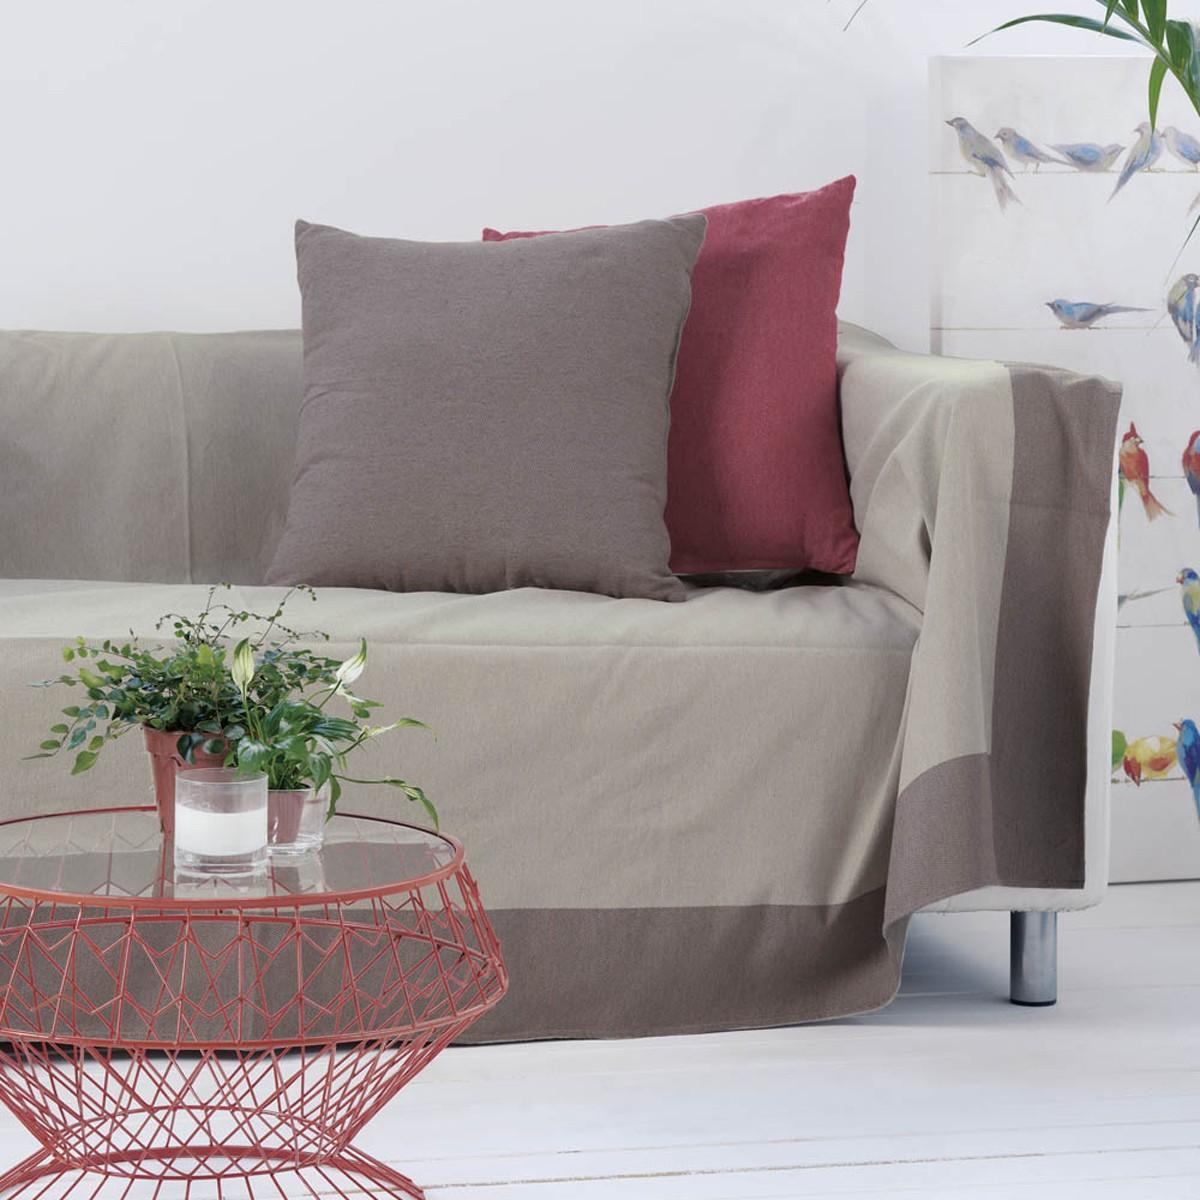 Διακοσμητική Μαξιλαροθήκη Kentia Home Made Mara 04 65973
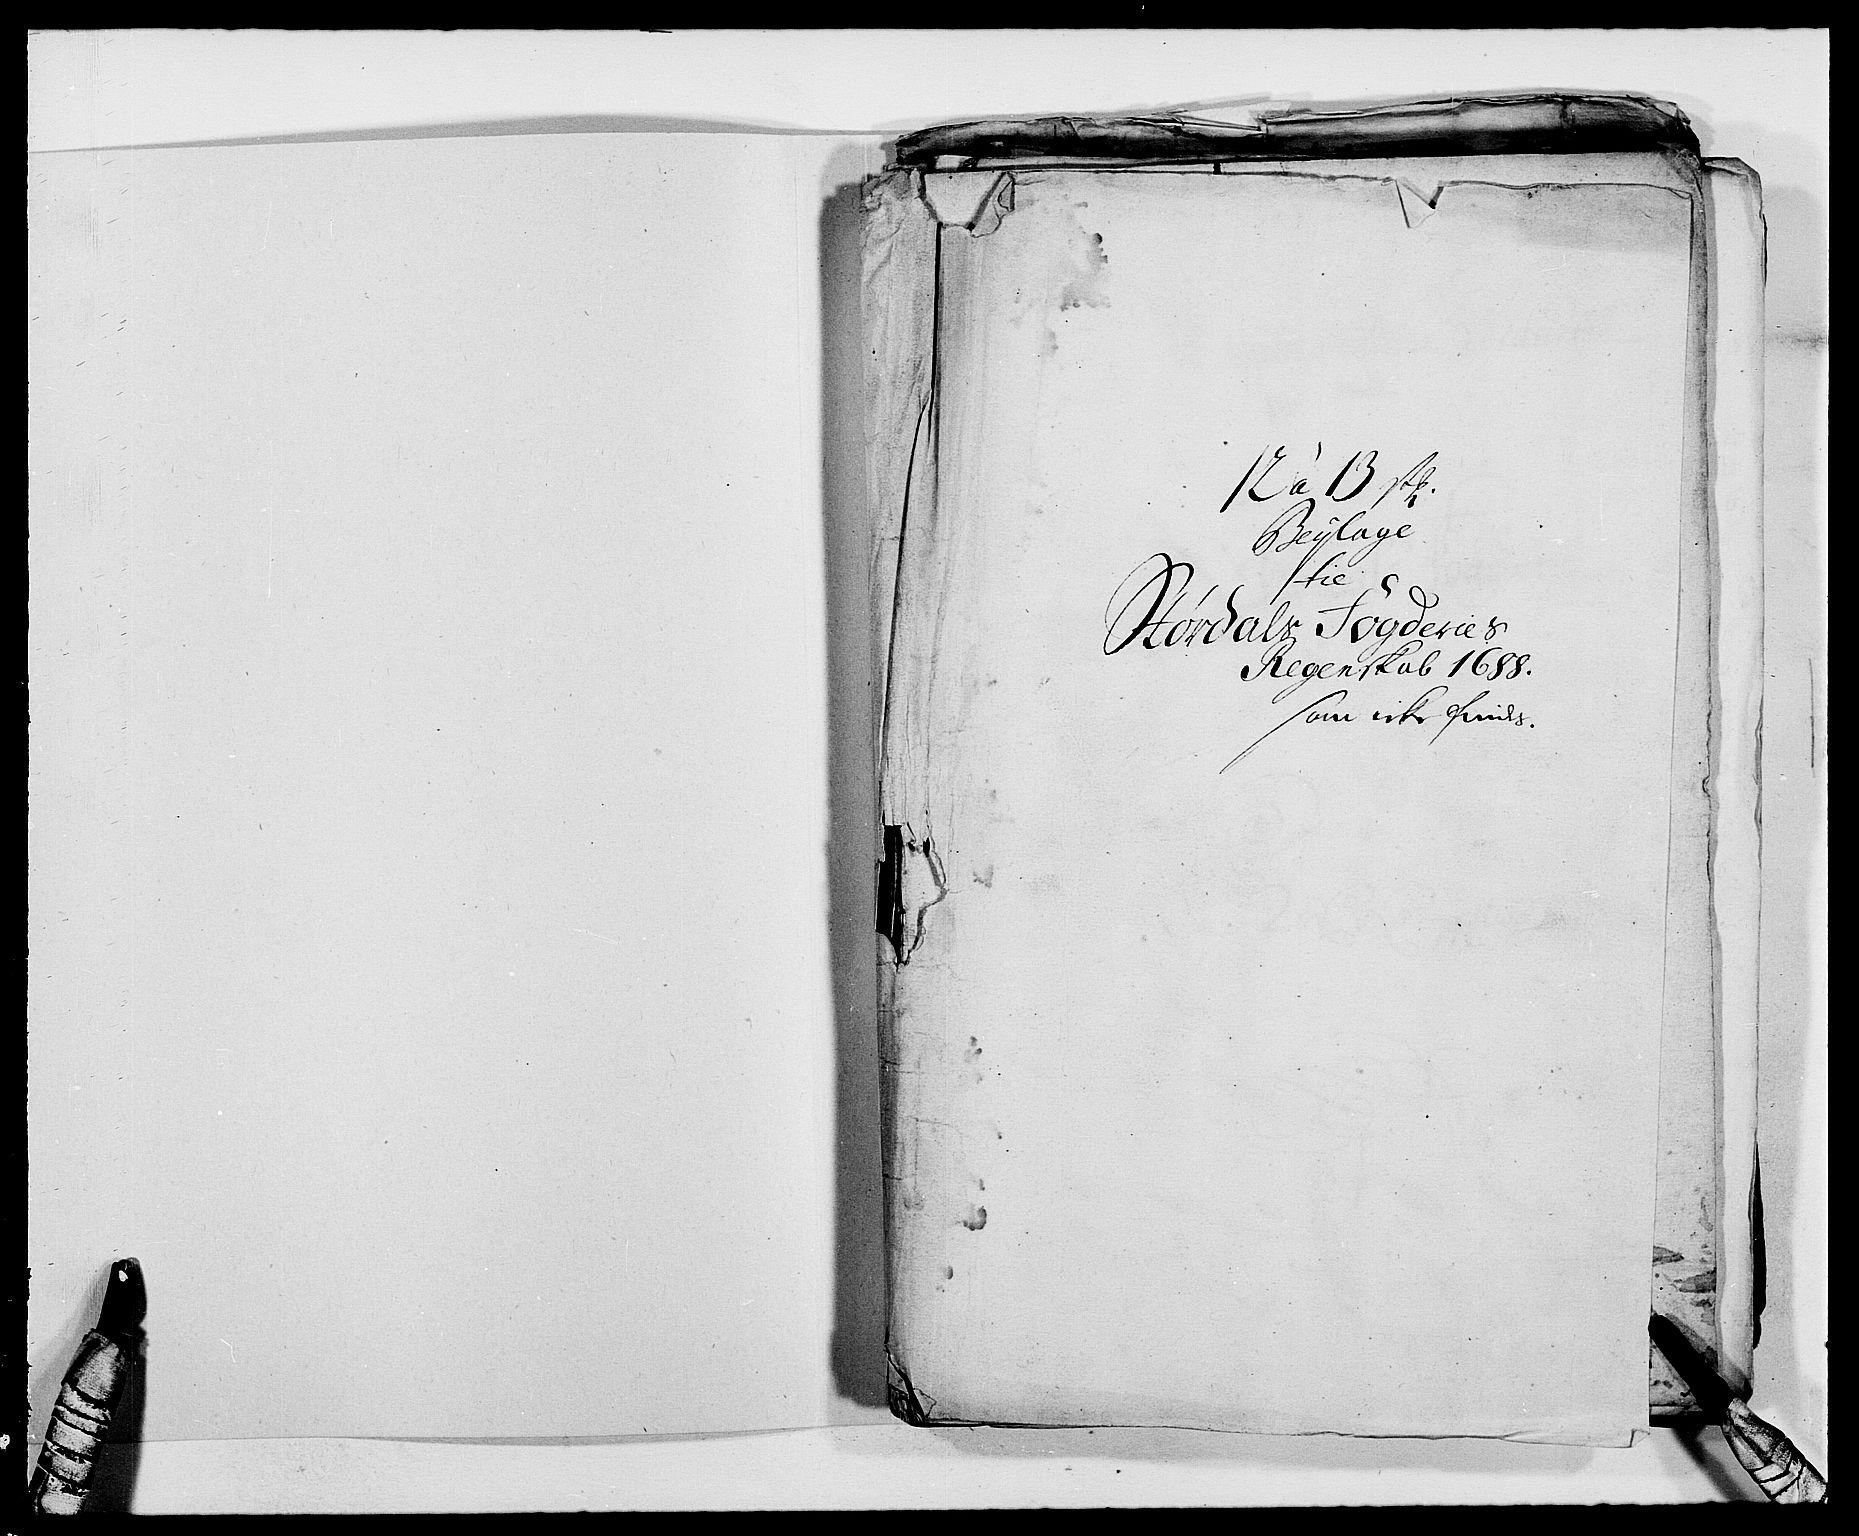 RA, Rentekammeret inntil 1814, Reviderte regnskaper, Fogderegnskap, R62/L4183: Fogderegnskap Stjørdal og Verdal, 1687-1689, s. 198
* * *
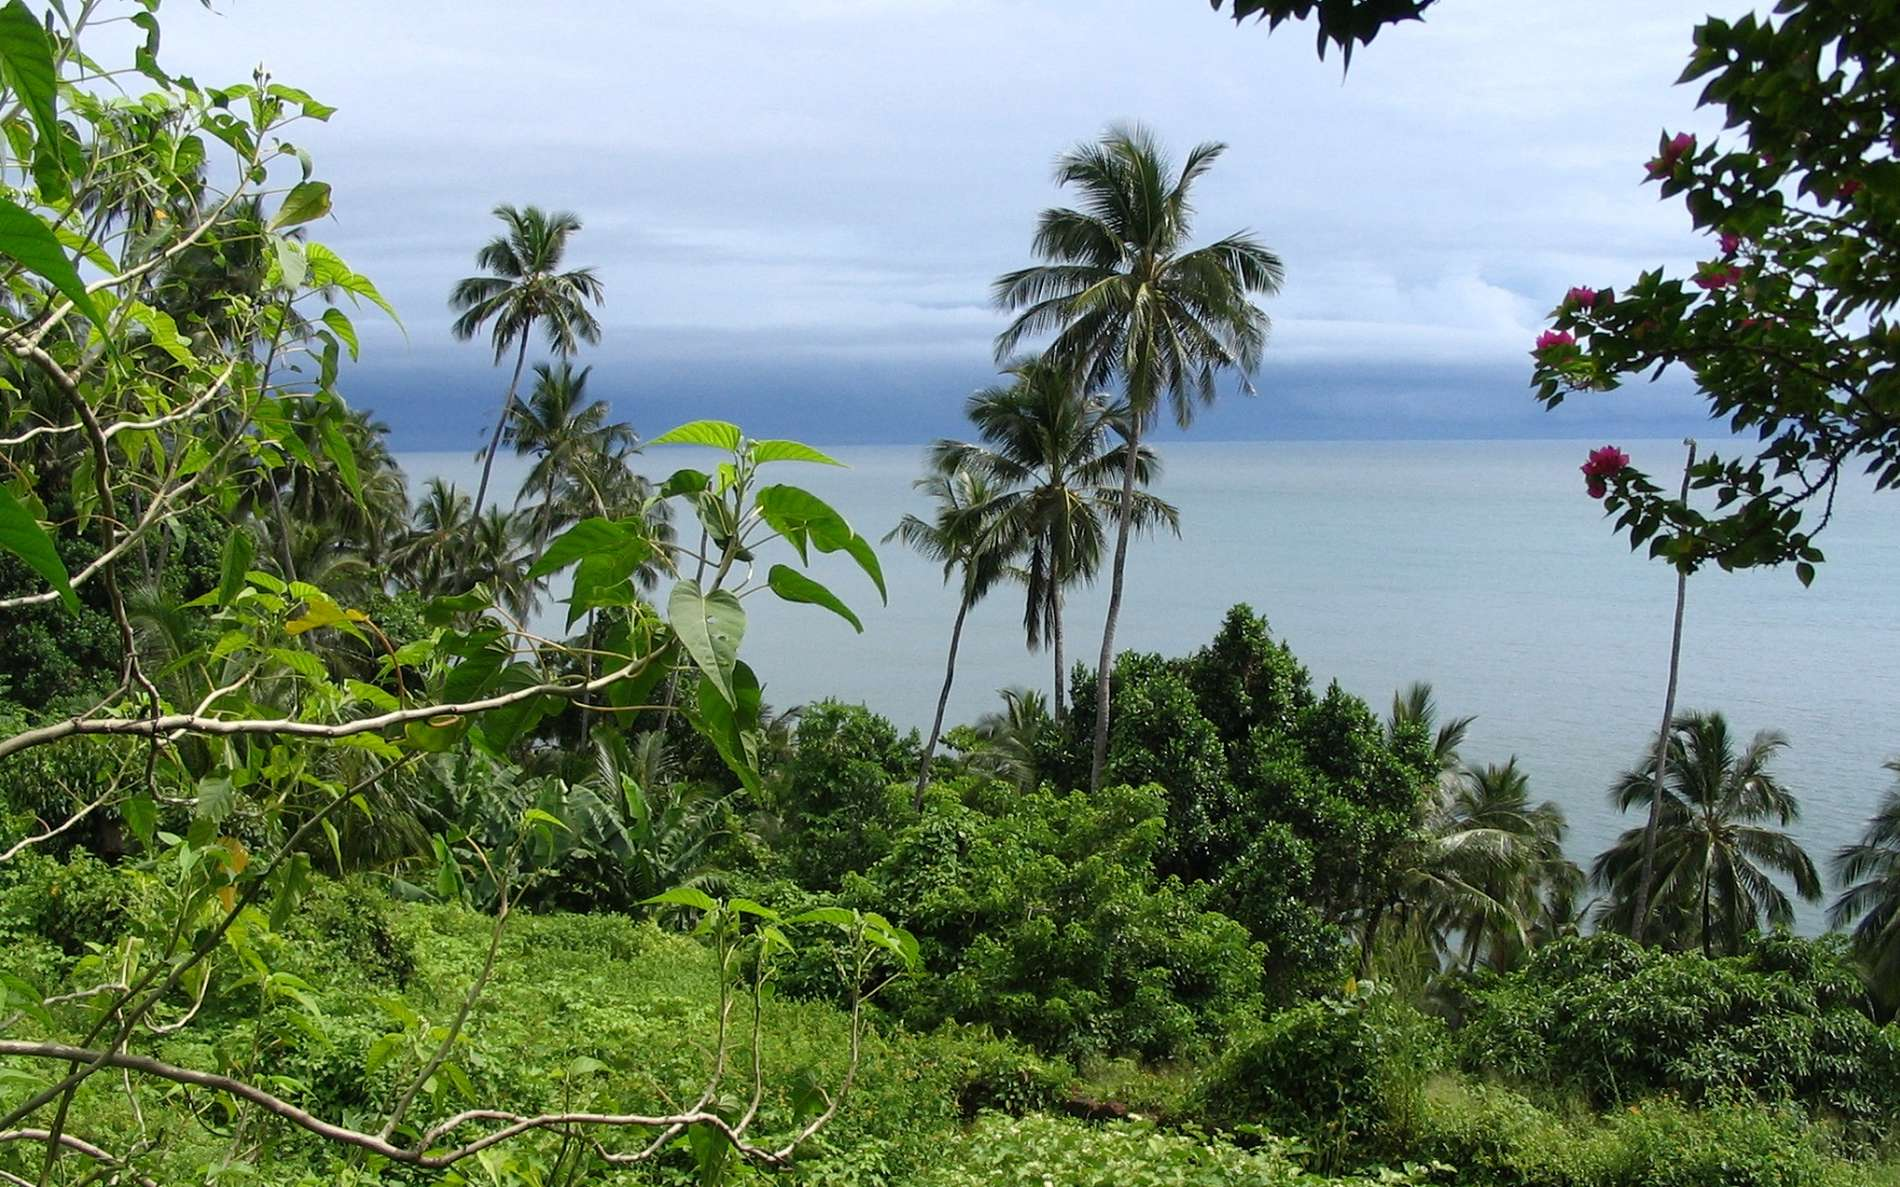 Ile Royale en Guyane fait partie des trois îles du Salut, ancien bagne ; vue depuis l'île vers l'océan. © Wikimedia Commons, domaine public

WORK INSTRUCTION: Print exactly the lines above that run from the one with "Διακοσμητική Μαξιλαροθήκη Kentia" down to the one with "RA, Rentekammeret inntil", and omit the pictures.

SOLUTION TO THE EXERCISE:
 Διακοσμητική Μαξιλαροθήκη Kentia Home Made Mara 04 65973
 RA, Rentekammeret inntil 1814, Reviderte regnskaper, Fogderegnskap, R62/L4183: Fogderegnskap Stjørdal og Verdal, 1687-1689, s. 198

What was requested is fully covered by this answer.